You're a woman of 62 who has worked all her life as a cleaner, but a painful knee caused by osteoporous recently forced you to give up your job. You live alone in a 2-bedroom flat. When you can't work and have no other form of income you go on benefits. They are not generous, but they keep you going: Jobseeker's Allowance, Housing Benefit, and Council Tax reduction. Every week you take your "Actively looking for work" booklet, duly completed to show that you have read the ads in the local paper and outside the newsagent, and applied for some work that you might be capable of knee notwithstanding, to the Jobcentre. It is checked, approved and initialled by your "work coach", euphemism for employee. But one day a different person checks it and declares it to be inadequately completed, showing you are not seriously looking for work at all. You are likely to be sanctioned for this, and sure enough two days later you receive a letter telling you you will lose £10 a week for three weeks, a sort of punishment for being naughty. Like detention,or writing lines. This might not be the end of the world except that your housing benefit will also be stopped, and your council tax reduction. Your only recourse to justice is an appeals process which can take 28 days to complete. In the meantime you will have to borrow money to pay your weekly rent. And the Inland Revenue are chasing you for bedroom tax. "I'm 62," you sob, powerless and frustrated by your inability to manage your life." "But I can't even retire for another 3 years." So you take yourself off to the free advice agency in town where a comfortably-placed advisor listens in horror to your story. You're not a scrounger, but you're in the system now, subject to regular humiliation. She does what she can, this well-fed woman, she calls the right people and puts the case for her client. But the system works slowly, and due process has to happen. She offers to help you every step of the way, and you are grateful. You go home, distressed and worried, and the easy-living woman takes herself off to the privacy of the loo for a while and tries to prepare herself for the next one.

Tuesday, 2 February 2016

No Return

I made a huge mistake yesterday, and God! did I pay for it. I went to see The Revenant. I did this because I love survival stories, and this sounded like the ultimate in the genre. It started well, with lots of scenic shots and mad scrambles for safety while arrows flew all round. Next came the bear attack, so realistic and horrifying I can't imagine how they filmed it. Then it all started to unravel very quickly. Leonardo di Caprio may well get an Oscar for his part, but it will be for grunting louder than the grizzly that tossed him around like a handkerchief, and for gritting his teeth. Yes he was torn to pieces and left for dead and yet managed to find his way back to the fort AND get the man who killed his son. But he did it for well over two hours while I worried about my parking ticket not being adequate. "Hurry up," I kept hissing. I was bored, I was irritated, I ached with tiredness. My ordeal was worse than his because I couldn't escape without disturbing everyone in the row, and I couldn't quite bring myself to do that. The lauded scenic shots became samey, camera pointing up at huge sequoias every few minutes. Even I could have done that.

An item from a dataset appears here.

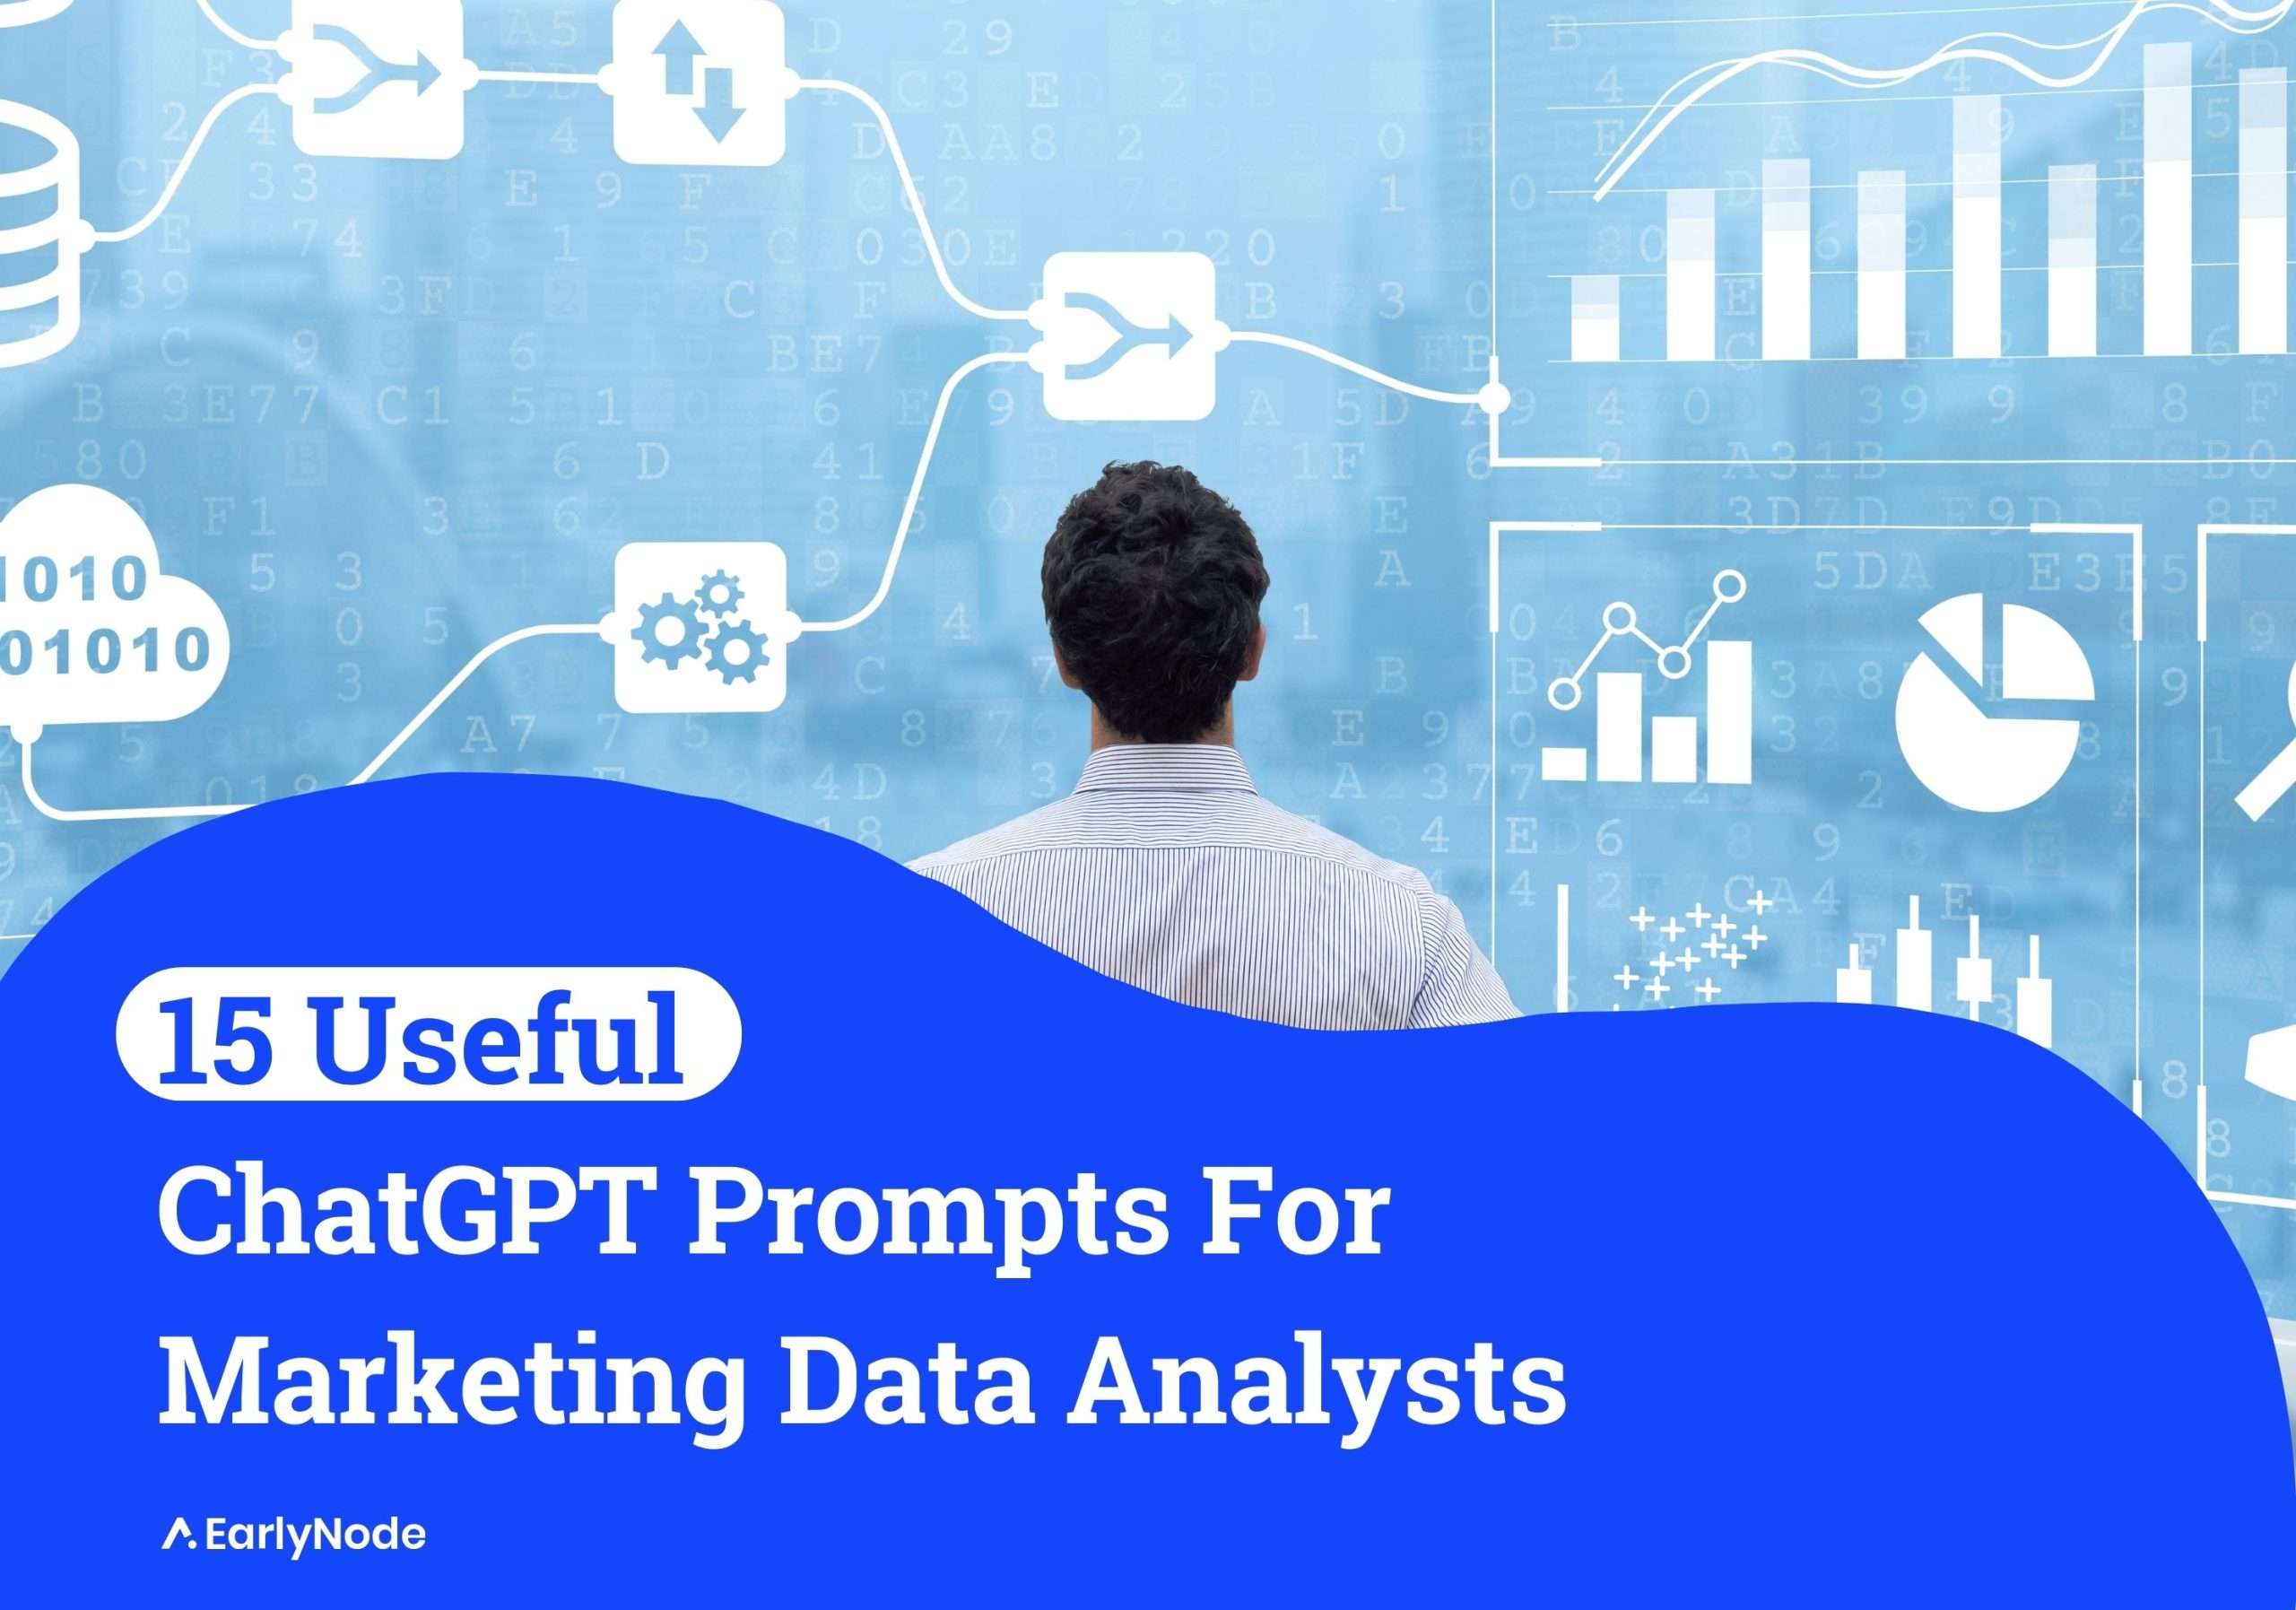 15+ Effective ChatGPT Prompts for Marketing Data Analysts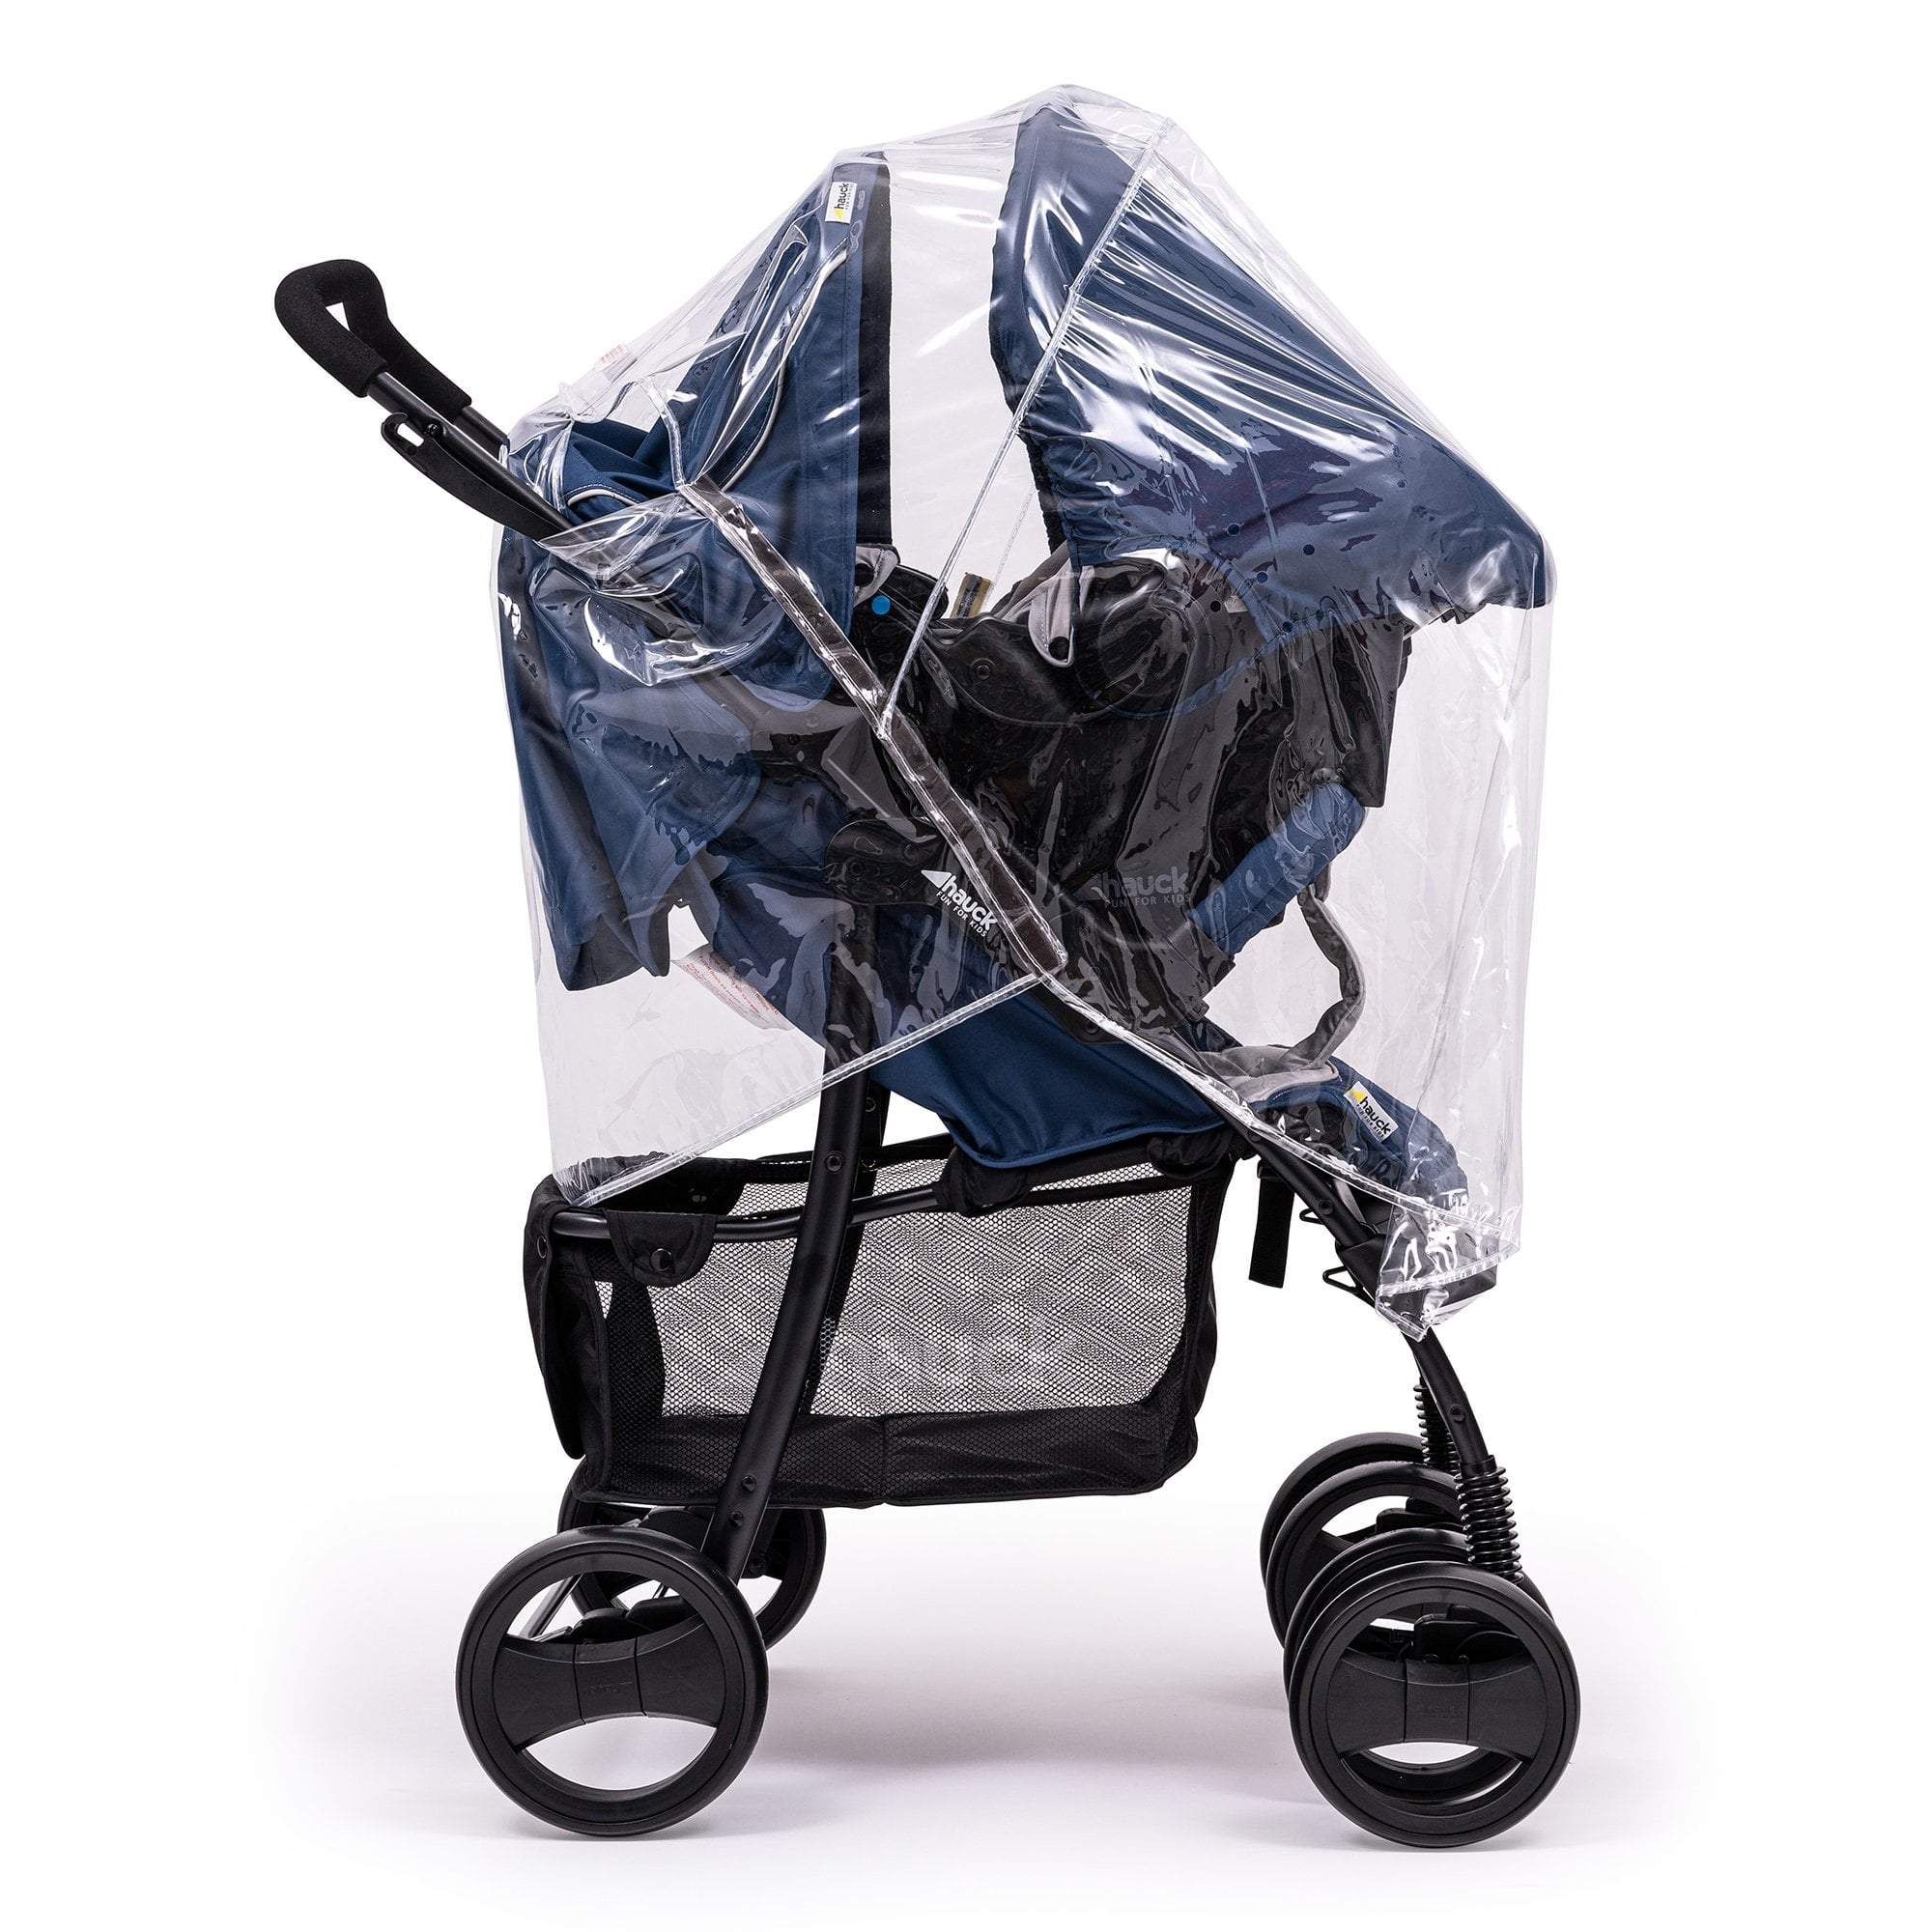 Travel System Raincover Compatible with Kids Kargo - Fits All Models - For Your Little One

Oh the relief when it ended three and a quarter hours after I entered the cinema. And that was another mistake. I had never been to Woodbridge cinema, but recently made the discovery that the town is the same distance from me as Aldeburgh. As this was the only place with a Monday afternoon showing I thought I'd try it. Never again. The place was heaving with retired couples revelling in their togetherness and their freedom to do this crazy thing in the middle of the day, and large noisy groups of women friends. All of that would have been bearable had the seating been OK, but the chairs were baggy and there was no tiering. No tiering! Oh Aldeburgh, what a paradise you are by comparison. And you have fish and chips.